1

I have this large file with the follow format:

Unique String \t Information

In my program I need to read this file to get the Information through the Unique String key. Since the performance is important, I can't read each line looking for the key everytime, besides I can't load the file in memory because it is too heavy. Then I'd like to read the file only once and then build an index with the String key and the position(in byte) of that in file. This index is something like a HashMap with the key been the Unique String and the value been the bytes in file where the key appears.

Seems that RandomAccessFile could do this, but I don't know how.

So, how can I build this index and then access an specific line by this index?

Marcelo Machado
  • 1,179
  • 2
  • 13
  • 33
  • 1
    Hint: `HashMap`would be useful. – jack jay Feb 06 '17 at 20:56
  • @BackSlash There is no problem to read the file to build the index, since it will be done only one time. What I need is to build the index(in bytes) to jump to the specific byte. The question that you said is duplicated there is no solution to build this index. – Marcelo Machado Feb 06 '17 at 21:05
  • @jackjay I think so, but I don't know how to access the specific byte – Marcelo Machado Feb 06 '17 at 21:10
  • @MarceloMachado what do you mean by "build an index to access a specific byte" - is it a specific byte for specific key ? why can you use HashMap where the key is the unique string and the value is byte array ? – Mzf Feb 06 '17 at 21:12
  • @MarceloMachado `I need to read this file to get the Information through the Unique String key` is much more important for solution rather than building an index. Once you make map you dont need to read specific byte from file. – jack jay Feb 06 '17 at 21:16
  • @Mzf maybe my question is not good enough to understand, but perhaps you could help-me. What I want is exactly this you said. How can I create this HashMap with these bytes and how can I go to this specific byte in a text file? – Marcelo Machado Feb 06 '17 at 21:17
  • @MarceloMachado again I'm not sure what are you asking.... (1) given a uniqe string - get a byte in a specific location (2) given a byte - find where this byte is located in the file. which one did you mean ? – Mzf Feb 06 '17 at 21:19
  • @Mzf The problem is I can't read each line of the file looking for the String because it is too slow. Then I need to access the line directly, to do this I think I need an Index that store the key and the bytes that indicates where your cursor should go to get the information. What I don't know is how to do so! – Marcelo Machado Feb 06 '17 at 21:32
  • @jackjay You say a map with the key been the unique String and the value been the information? If so, I can't do this because is too much thing to put in memory. – Marcelo Machado Feb 06 '17 at 21:34
  • @MarceloMachado so a HashMap between key to the line of the key is what you are looking for ? according to the next - it's not possible: http://stackoverflow.com/questions/2312756/how-to-read-a-specific-line-using-the-specific-line-number-from-a-file-in-java – Mzf Feb 06 '17 at 21:35
  • @Mzf This is what I want, but look at szgal comment. He said "And, without having an index of the positions of a byte in a file, the only way to know where those bytes are is to read it and look for it". what I want is to create this index! – Marcelo Machado Feb 06 '17 at 21:43
  • @MarceloMachado I have added a compile-able example to my answer. – matt Feb 07 '17 at 07:08

2 Answers2

2

The way I am going to suggest is to read the file, and keep track of the position. Store the position along the way in a map so you can look it up later.

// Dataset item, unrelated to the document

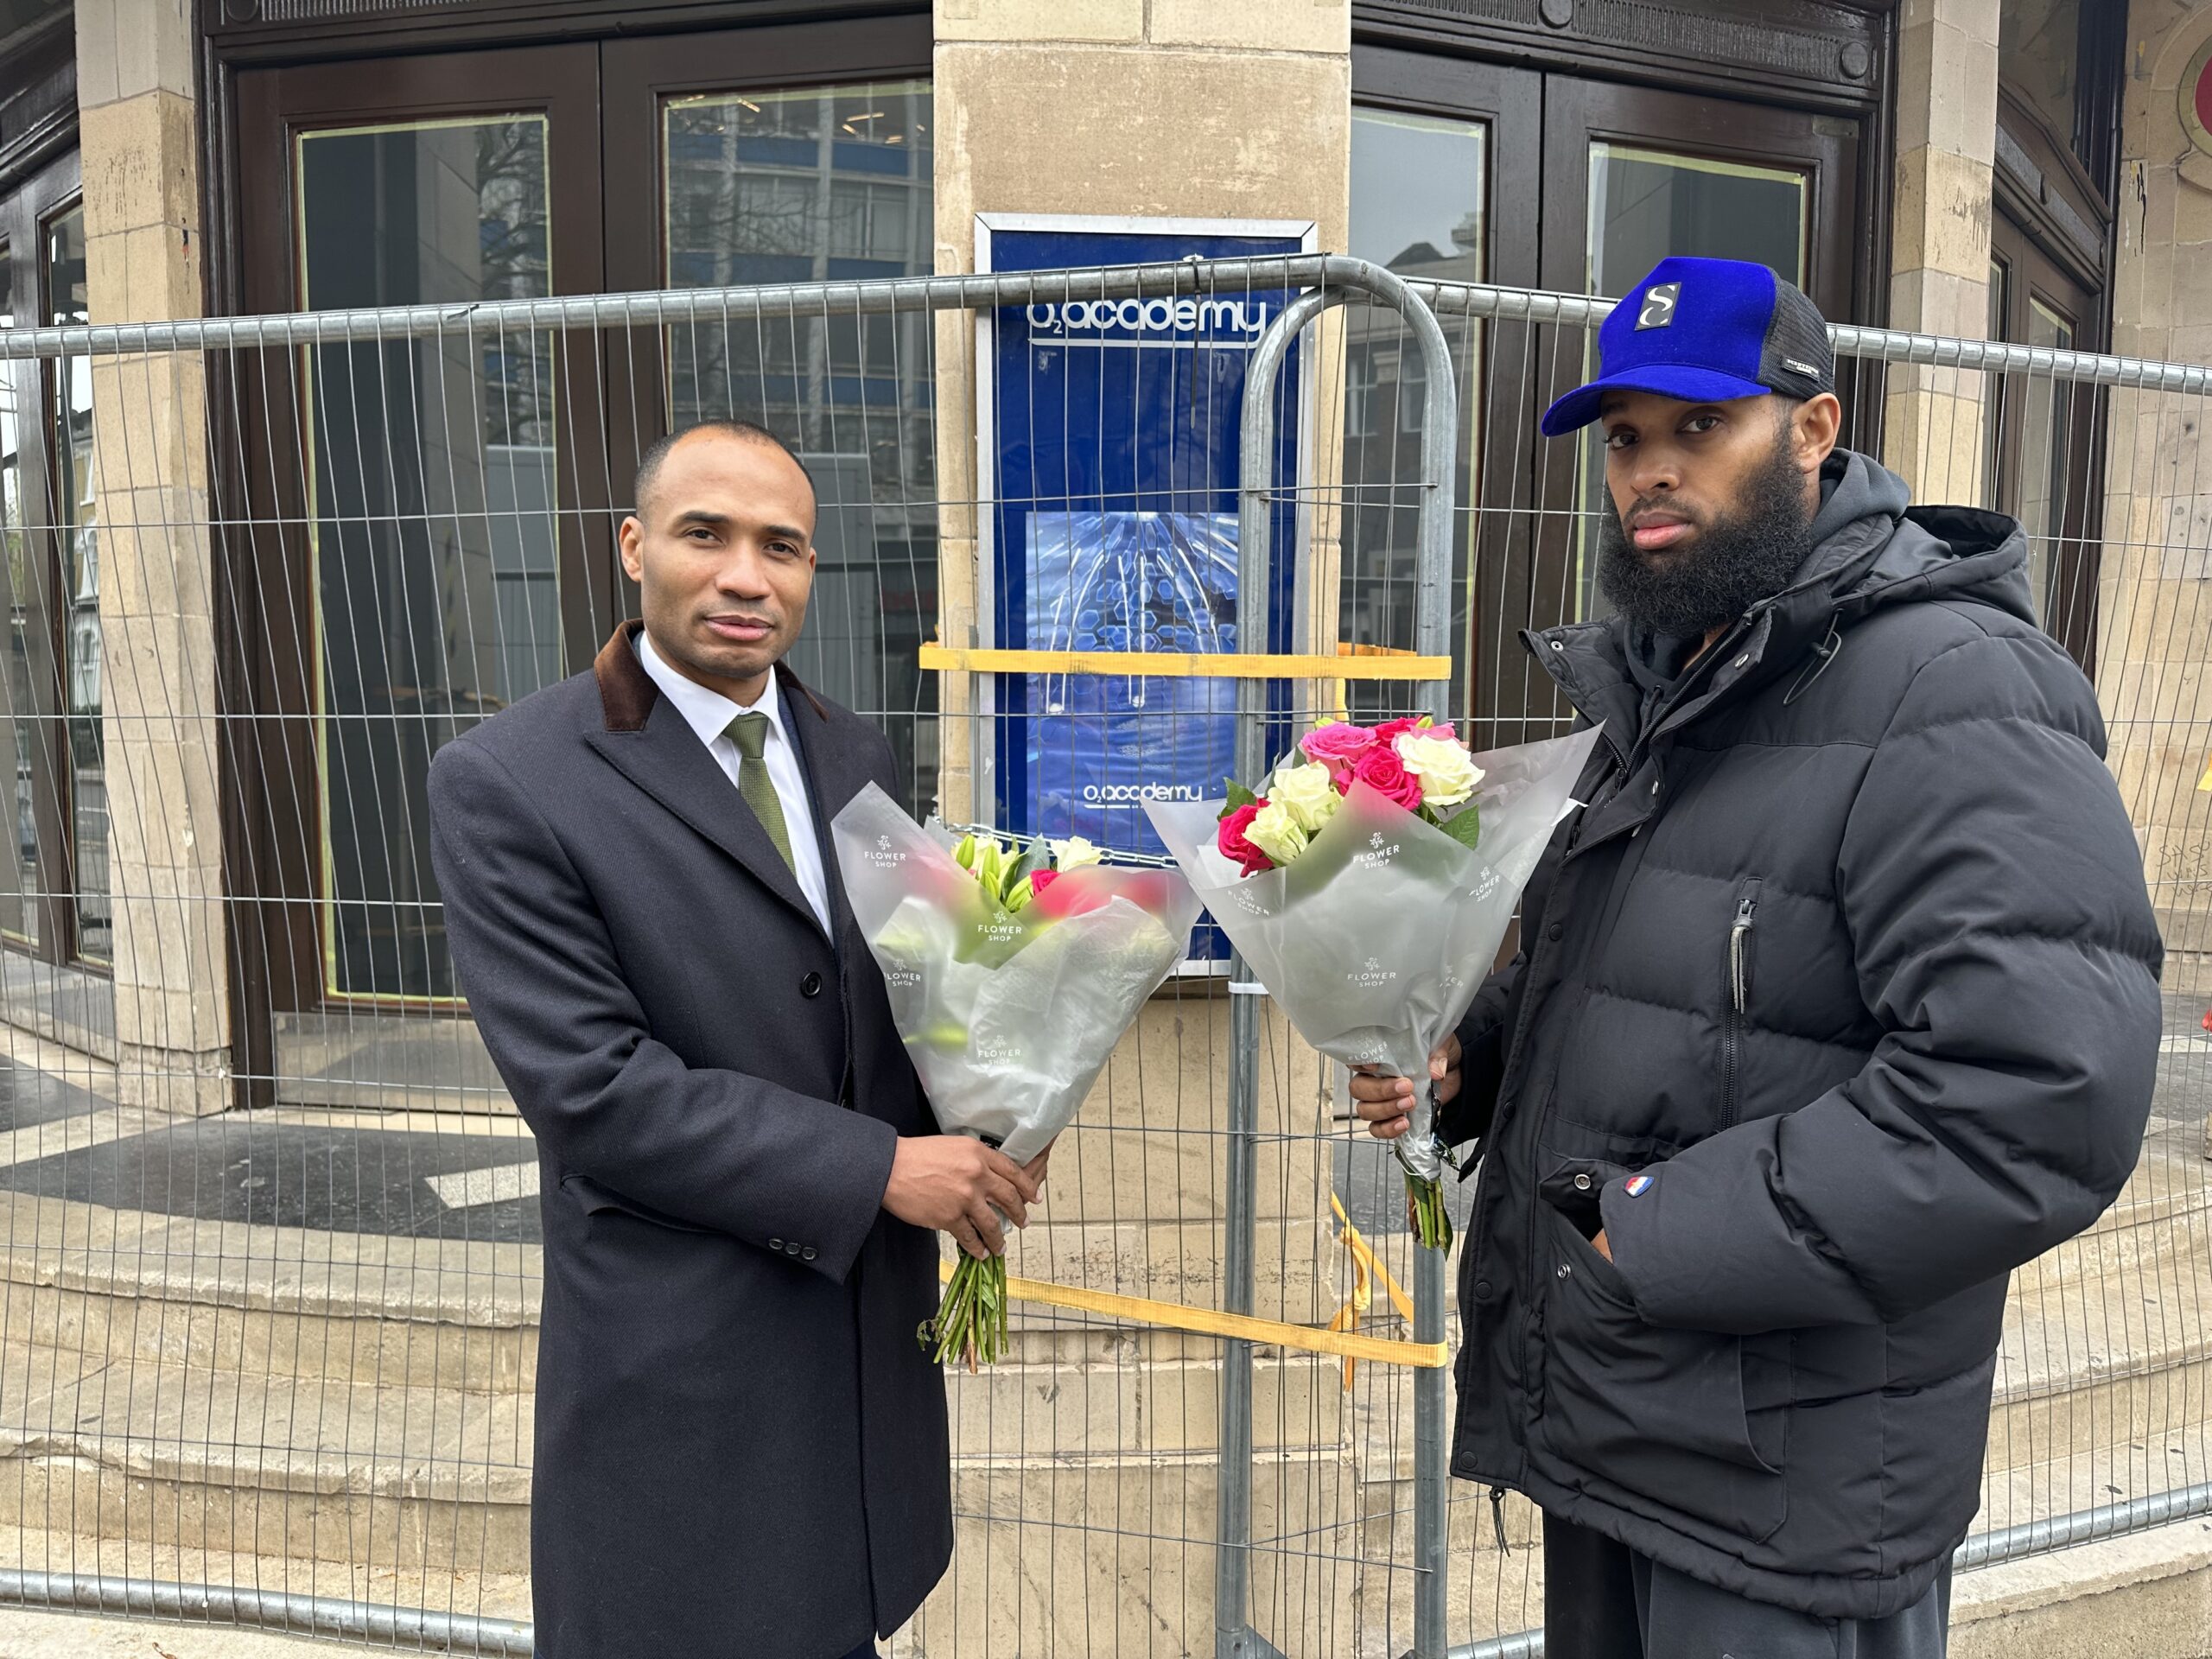 Brixton: Remembering the lives lost at the O2 Brixton Academy

The first way to do this is to use your file as a DataInput, and use the RandomAccessFile#readline

RandomAccessFile raf = new RandomAccessFile("filename.txt", "r");
Map<String, Long> index = new HashMap<>();

Now, how is your data stored? If it is stored line by line, and the ecoding conforms to the DataInput standards, then you can use.

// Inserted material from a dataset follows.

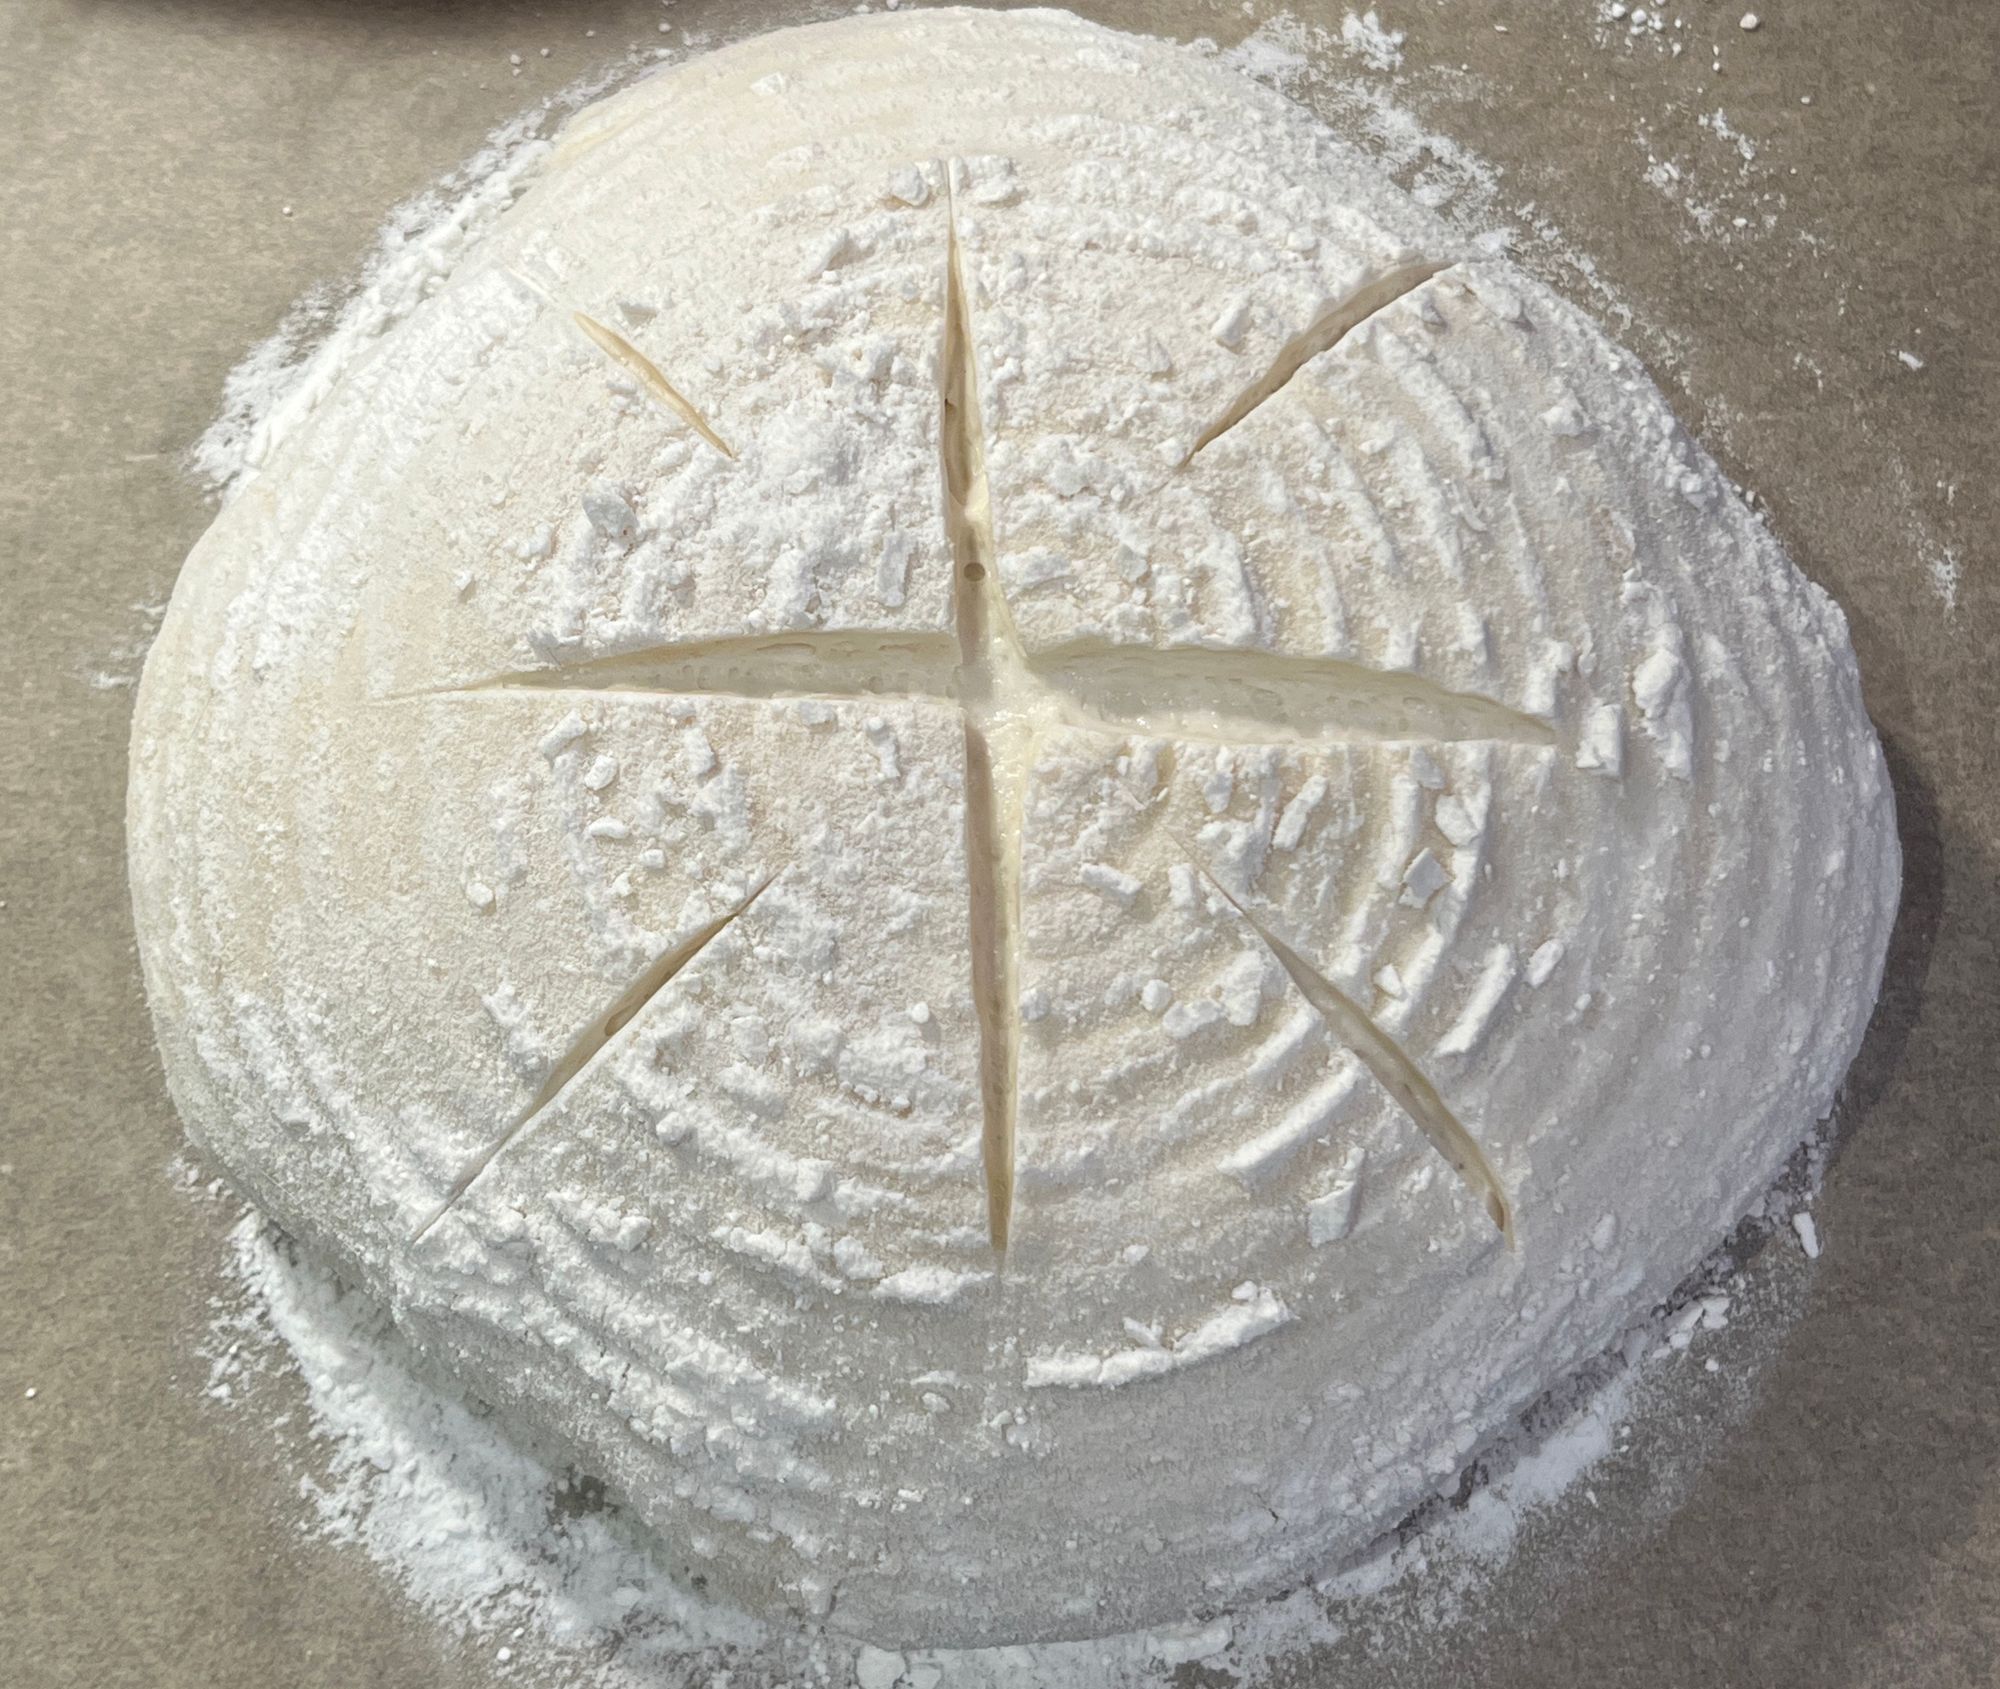 A sourdough boule ready to be baked, marked with concentric flour rings from the proofing basket and slashed in the shape of a compass rose or four-pointed star with smaller diagonal marks pointing into its corners.

long start = raf.getFilePointer();
String line = raf.readLine();
String key = extractKeyFromLine(line);
index.put(key, start);

Now anytime you need to go back and get the data.

long position = index.get(key);
raf.seek(position);
String line = raf.readLine();

Here is a complete example:

package helloworld;

import java.io.IOException;
import java.io.RandomAccessFile;
import java.util.HashMap;
import java.util.Map;

/**
 * Created by matt on 07/02/2017.
 */
public class IndexedFileAccess {
    static String getKey(String line){
        return line.split(":")[0];
    }
    public static void main(String[] args) throws IOException {
        Map<String, Long> index = new HashMap<>();
        RandomAccessFile file = new RandomAccessFile("junk.txt", "r");
        //populate index and read file.
        String s;
        do{
            long start = file.getFilePointer();
            s = file.readLine();
            if(s!=null){
                String key = getKey(s);
                index.put(key, start);
            }
        }while(s!=null);

        for(String key: index.keySet()){
            System.out.printf("key %s has a pos of %s\n", key, index.get(key));
            file.seek(index.get(key));
            System.out.println(file.readLine());
        }
        file.close();

    }
}

junk.txt contains:

dog:1, 2, 3
cat:4, 5, 6
zebra: p, z, t

Finally the output is:

key zebra has a pos of 24
zebra: p, z, t
key cat has a pos of 12
cat:4, 5, 6
key dog has a pos of 0
dog:1, 2, 3

There are many caveats to this. For example, if you need a more robust encoding, then the first time you read it you'll want to create a reader that can manage the encoding, and just use your RandomAccessFile as an input stream. The readLine() method will fail if the lines are too large. Then you would have to devise your own strategy for extracting the key/data pair.

Marcelo Machado
  • 1,179
  • 2
  • 13
  • 33
matt
  • 10,892
  • 3
  • 22
  • 34
  • That is exactly what I was looking for! – Marcelo Machado Feb 06 '17 at 21:54
  • Matt I did what you said, but I am having a little problem, when I do this: long position = index.get(key); raf.seek(position); System.out.println(raf.readLine()); The result is always the next line. And the lengh of the line is not fixed – Marcelo Machado Feb 06 '17 at 22:51
  • @MarceloMachado I don't quite follow, the best case scenerio would be to make an example. Eg. What are you trying and what do you get. – matt Feb 07 '17 at 06:59
1

I need to read this file to get the Information through the Unique String key.

With respect to above question of yours, you have to read file line by line, split the read string using split() and put the values in Map as follows,

try {
  FileReader fileReader = new FileReader(fileName);

  BufferedReader bufferedReader = new BufferedReader(fileReader);

  Map<String, int> map = new HashMap<String, int>();
  int byte = 0;

  while((line = bufferedReader.readLine()) != null) {

           String arr[] = line.split("\t");  //make sure your file conatins data as you specified.
           map.put(arr[0], byte);

           byte += line.length() + 1;

  }   

  bufferedReader.close();         
 }
 catch(Exception ex) {
            System.out.println("unable to open file '" + fileName + "'");                
 }

Now you can access any information when you have specificString as follows,

 map.get("specificString"); // will return corresponding information as int type.
jack jay
  • 2,493
  • 1
  • 14
  • 27